The Government Accountability
Office's stinging rebuke of the Air Force tanker competition last week was so
sweeping that some observers say a new award may not be made for years.
That would be very unfortunate, because the 500 Eisenhower-era tankers in the
force comprise the oldest large fleet of jets in the world. There's no
way of knowing how long they will last, and the joint force depends on having
aerial refueling capabilities around the globe on a daily (indeed hourly)
basis. So instead of engaging in an extended post-mortem, policymakers
need to fix the problem fast. Looking at the five evaluation factors used
in the competition, it is clear what changes need to be made.
Mission capability was
the factor weighed most heavily in comparing the two proposals, and it should
continue to occupy center stage. But GAO says evaluators did not apply
capability measures as stated in the original request for proposals, and thus
misled offerors as to what features would elicit the best scores.
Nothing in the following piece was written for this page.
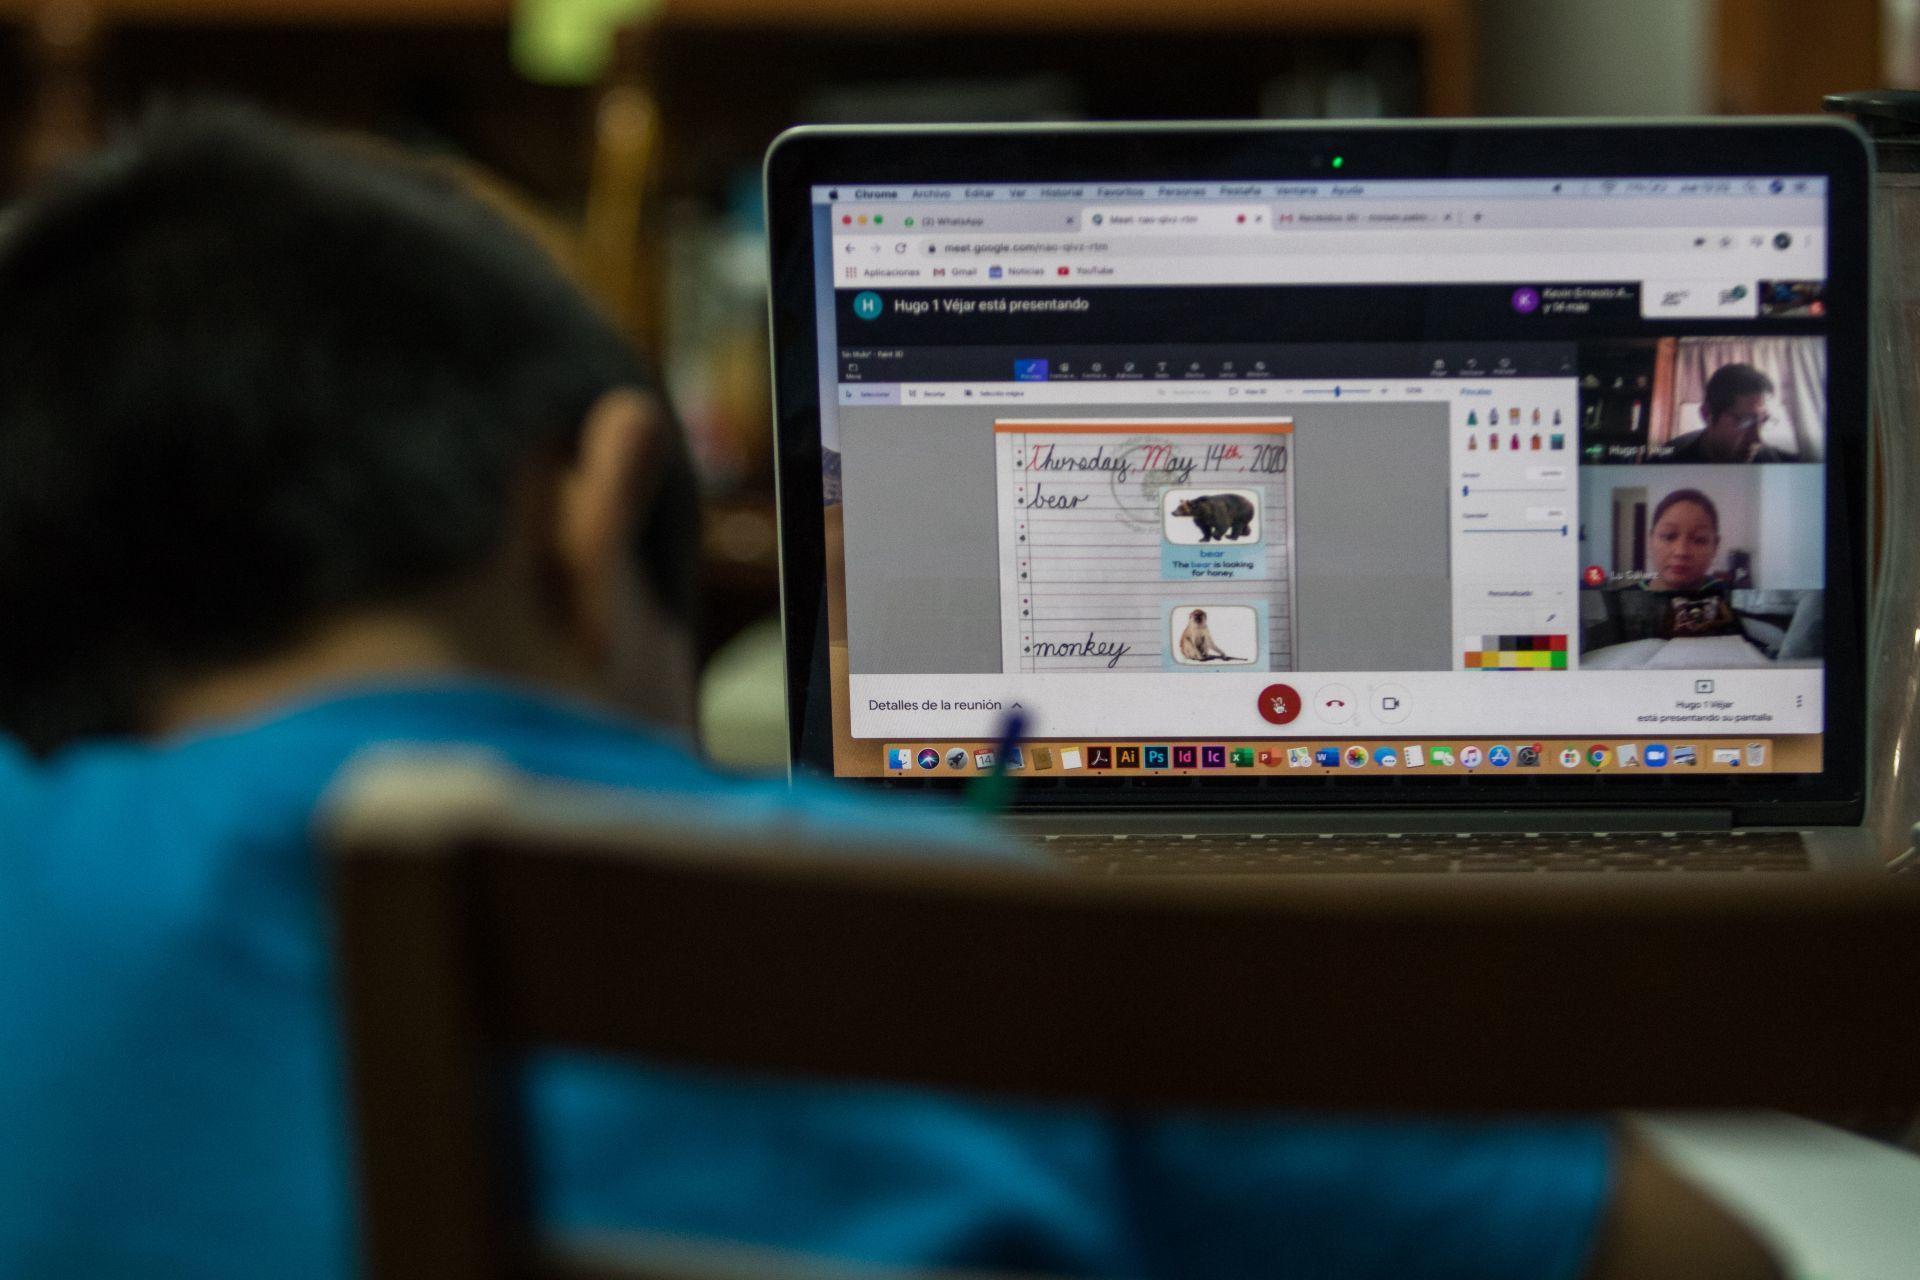 CIUDAD DE MÉXICO, 13ABRIL2020.- Niños de educación básica toman clases a distancia a través de aplicaciones en Internet con los que pueden compartir el conocimiento con sus maestros y compañeros, un ejercicio que le permite regresar un poco a su normalidad. Millones de niños han visto interrumpida su actividades académicas en las aulas escolares por la restricciones sanitarias decretadas por la pandemia de Covid-19, en México la fecha tentativa para levantar la cuarentena es hasta el 30 de abril, sin embargo, las autoridades han vislumbrado que esta se podría alargar.  FOTO: MOISÉS PABLO/CUARTOSCURO.COM

This is a simple problem to fix -- not by developing new capability
metrics, but by finding competent evaluators to apply the existing ones.
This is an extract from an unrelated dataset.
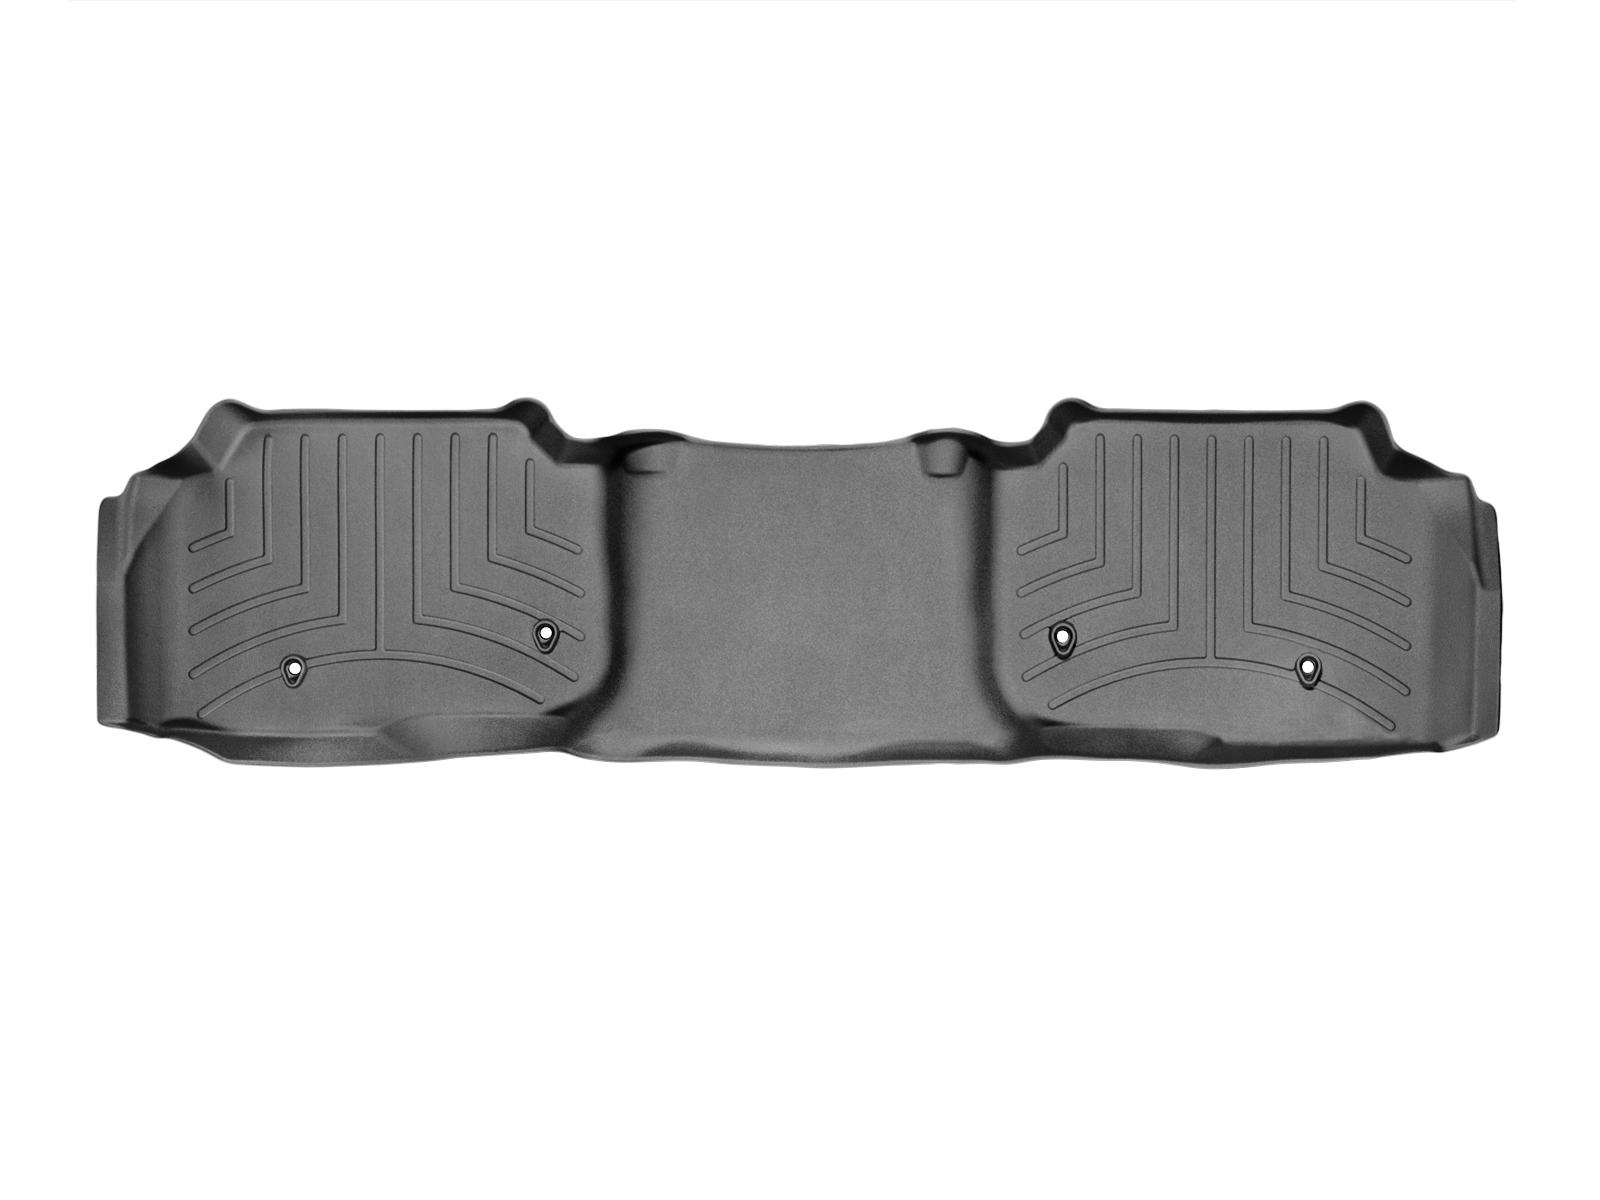 Tappeti gomma su misura bordo alto Land Rover 13>17 Nero A1989*

If re-competition is used as a pretext for drafting revised metrics,
it will introduce new uncertainty into a process that must be brought to
closure.
Proposal risk was the second most highly ranked metric in the
competition. The Air Force found the two proposals had equal risk, but
only after forcing Boeing to raise the cost of developing its
tanker. GAO says that insisting on such an increase was unwarranted
because there was no evidence Boeing's cost estimates were unrealistic.
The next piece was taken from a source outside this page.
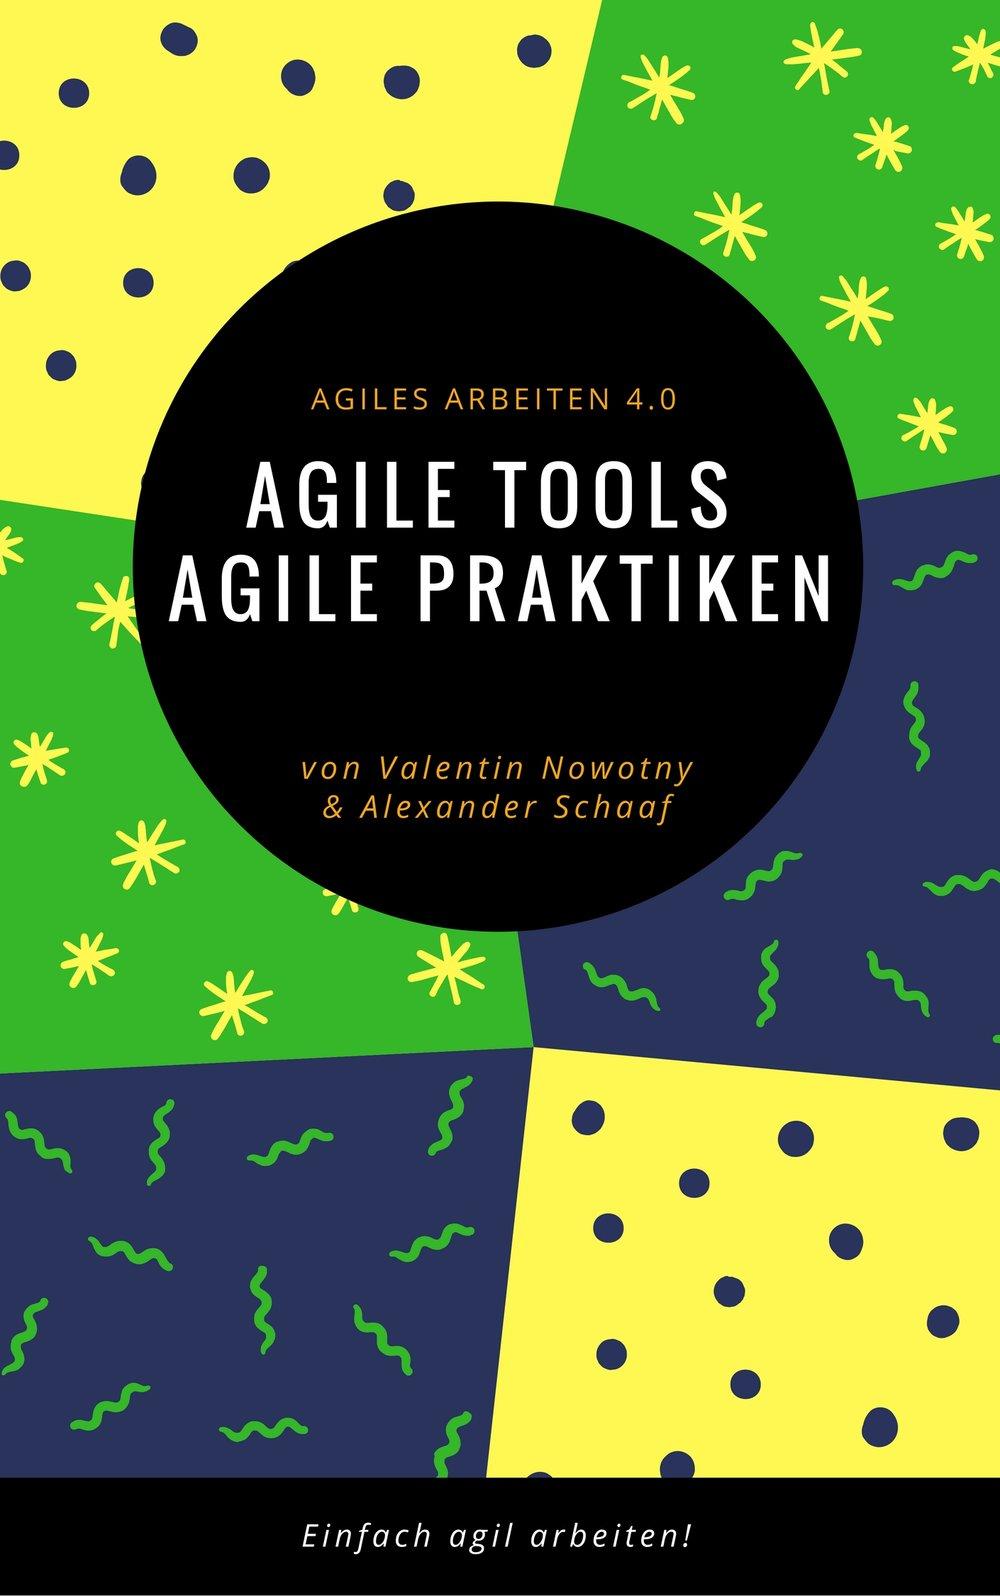 Agile Tools, Agile Praktiken (1).jpg

That finding seems to suggest that the Air Force assesses lower risk when
companies spend more money on a project, even if there is no demonstrable need
to spend the additional funds. The service will need to recalibrate how
it measures risk.
Past performance was the third evaluation factor used, and it has proven to
be a useful indicator of contractor competence in other competitions.
Boeing was judged inferior to the Northrop Grumman team even though it
built all the tankers in the current fleet, based on a comparison of more
recent programs with characteristics similar to the envisioned future
tanker. GAO did not question the application of this factor in
its press release, implying that only minor adjustments may be
needed. The offerors can propose that different past programs be
used to rate their performance in the re-competition.
Cost/price was the fourth evaluation factor employed, although the Air
Force always insisted it was less important than the previous three. The
Air Force conceded errors in calculating the ownership
costs of the competing planes prior to the GAO report, and the report
found additional basis for doubt in the service's estimate of what development
and construction expenditures would be required by the two
proposals. These problems can be corrected through more rigorous application
of cost methodology.
Integrated Fleet Air
Refueling Assessment was a complex
computer simulation of operational performance used as the final evaluation
factor, and it appears to have been the most flawed. Like other
analytic tools employed by the military to model operational outcomes, it is
only as good as the assumptions made at the outset, and in the case of the
tanker competition those assumptions were not realistic. GAO did not
attempt to assess the intricacies of how the model was applied, but
if the Air Force wants to avoid another protest in the future, it needs to make
the model conform more closely to real-world conditions, such as the actual
characteristics and likely availability of wartime bases.